How can I tweet from Google App Script with OAuth2 library?

Question

I've successfully made my GAS for tweet with OAuth1. It's known that OAuth1 GAS library is deprecated, so I'm trying to migrate to OAuth2 library.

I saw a few changes, but I don't get the correct way to authorize my request with this.

The main questions I have right now are:

• Bearer Token replace in OAuth2 to key&access tokens in OAuth1?
• I don't need key&access to authorize rquest? I'm base on example of the Google developers's site itself

For more clarity, I put the code, extracted from Google developers's site, adapted for my propouses:

// Call this function just once, to initialize the OAuth client.
function initializeOAuthClient() {
  if (typeof OAuth2 === 'undefined') {
    var libUrl = 'https://developers.google.com/google-ads/scripts/docs/examples/oauth20-library';
    throw Error('OAuth2 library not found. Please take a copy of the OAuth2 ' +
        'library from ' + libUrl + ' and append to the bottom of this script.');
  }
  var tokenUrl = 'https://api.twitter.com/oauth2/token';
  authUrlFetch = OAuth2.withClientCredentials(
      tokenUrl, CONSUMER_KEY, CONSUMER_SECRET);
}

function sendTweet(status) {
  var service = accessProtectedResource(SERVICE_UPDATE_URL, "post");
  
  if (service.hasAccess()) {
    var url = 'https://api.twitter.com/1.1/statuses/update.json?include_entities=true&status=' + percentEncode(status);
    var response = service.fetch(url);
    //var result = JSON.parse(response.getContentText());
    
    return response;
  }
}


/**
 * Attempts to access a non-Google API using a constructed service
 * object.
 *
 * If your add-on needs access to non-Google APIs that require OAuth,
 * you need to implement this method. You can use the OAuth1 and
 * OAuth2 Apps Script libraries to help implement it.
 *
 * @param {String} url         The URL to access.
 * @param {String} method_opt  The HTTP method. Defaults to GET.
 * @param {Object} headers_opt The HTTP headers. Defaults to an empty
 *                             object.
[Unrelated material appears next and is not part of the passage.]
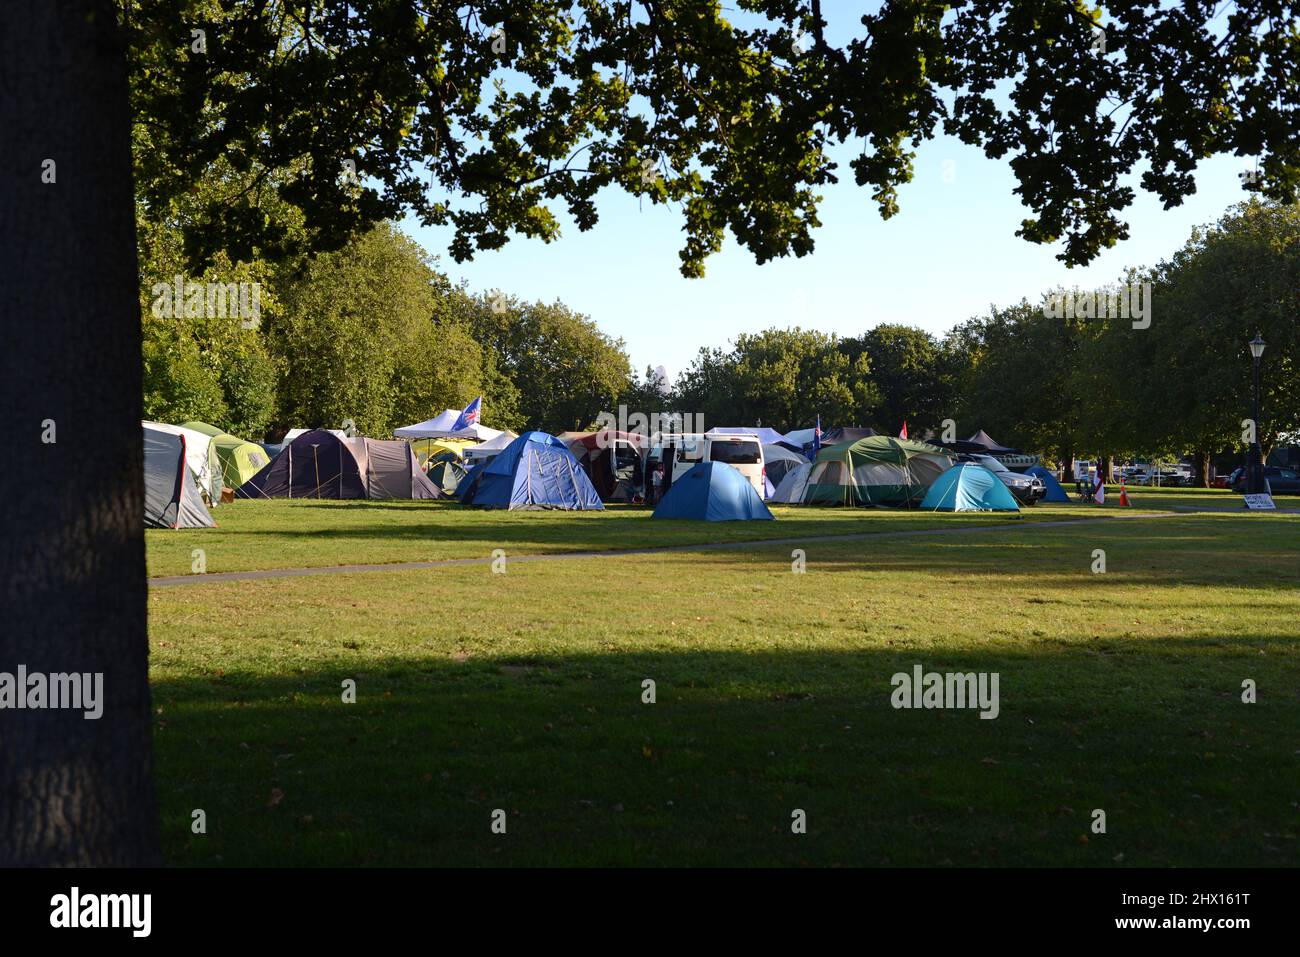 Christchurch, New Zealand, February 22, 2021: Tents at the Cranmer Square mandate protest in Christchurch. Activists pitched tents and occupied the square peacefully for several weeks. Stock Photo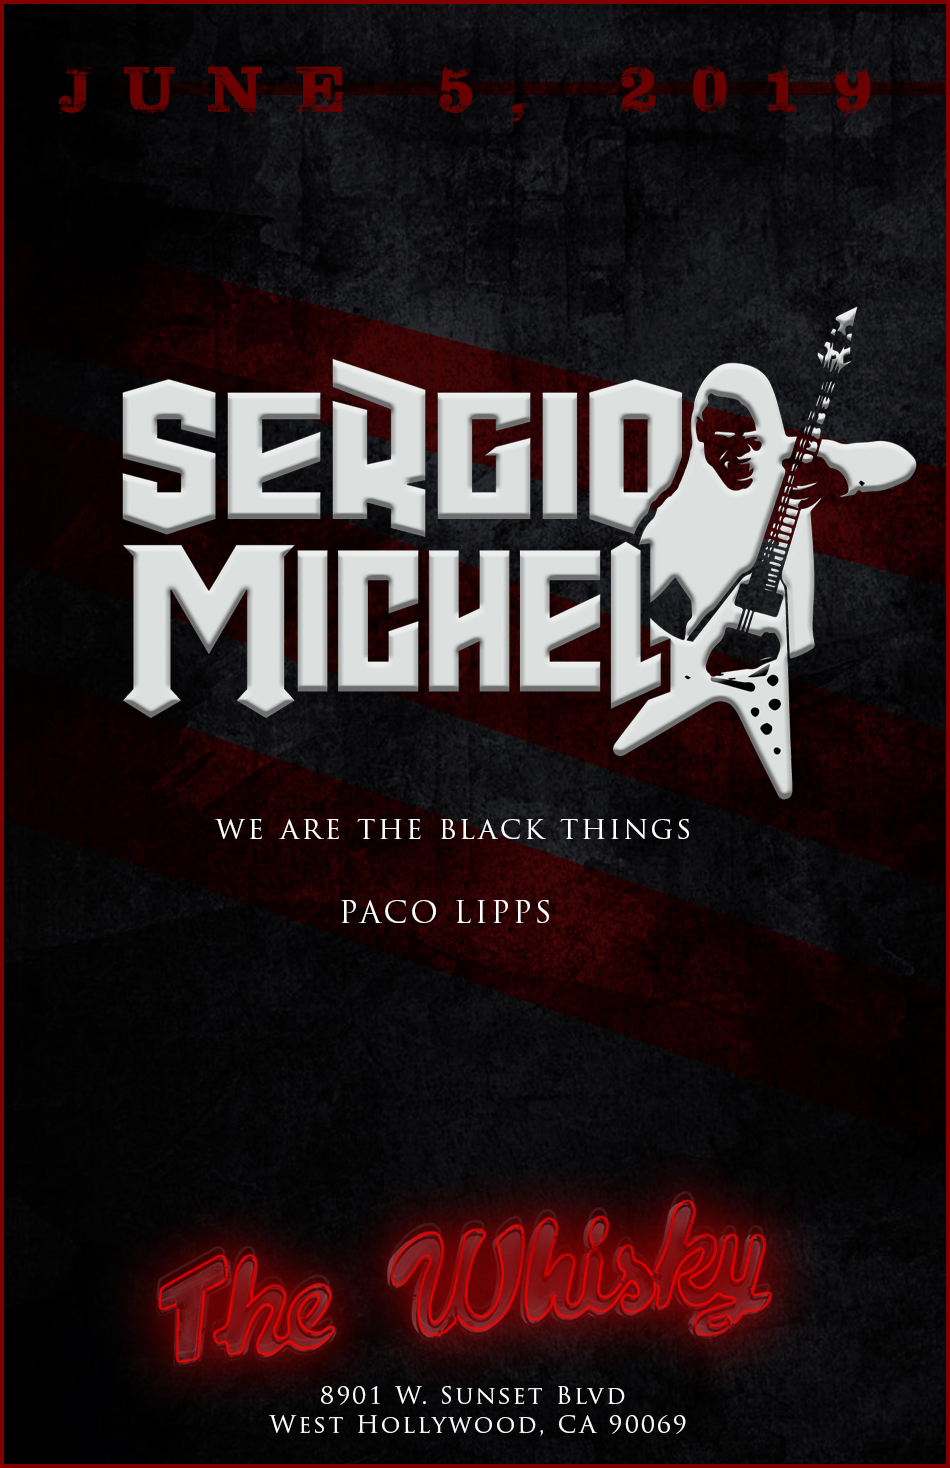 Sergio Michel, We Are The Black Things, Paco Lipps

The Authorization field is added
 *                             to the headers in this method.
 * @return {HttpResponse} the result from the UrlFetchApp.fetch() call.
 */
function accessProtectedResource(url, method_opt, headers_opt) {
  var service = getOAuthService();
  var maybeAuthorized = service.hasAccess();
  if (maybeAuthorized) {
    // A token is present, but it may be expired or invalid. Make a
    // request and check the response code to be sure.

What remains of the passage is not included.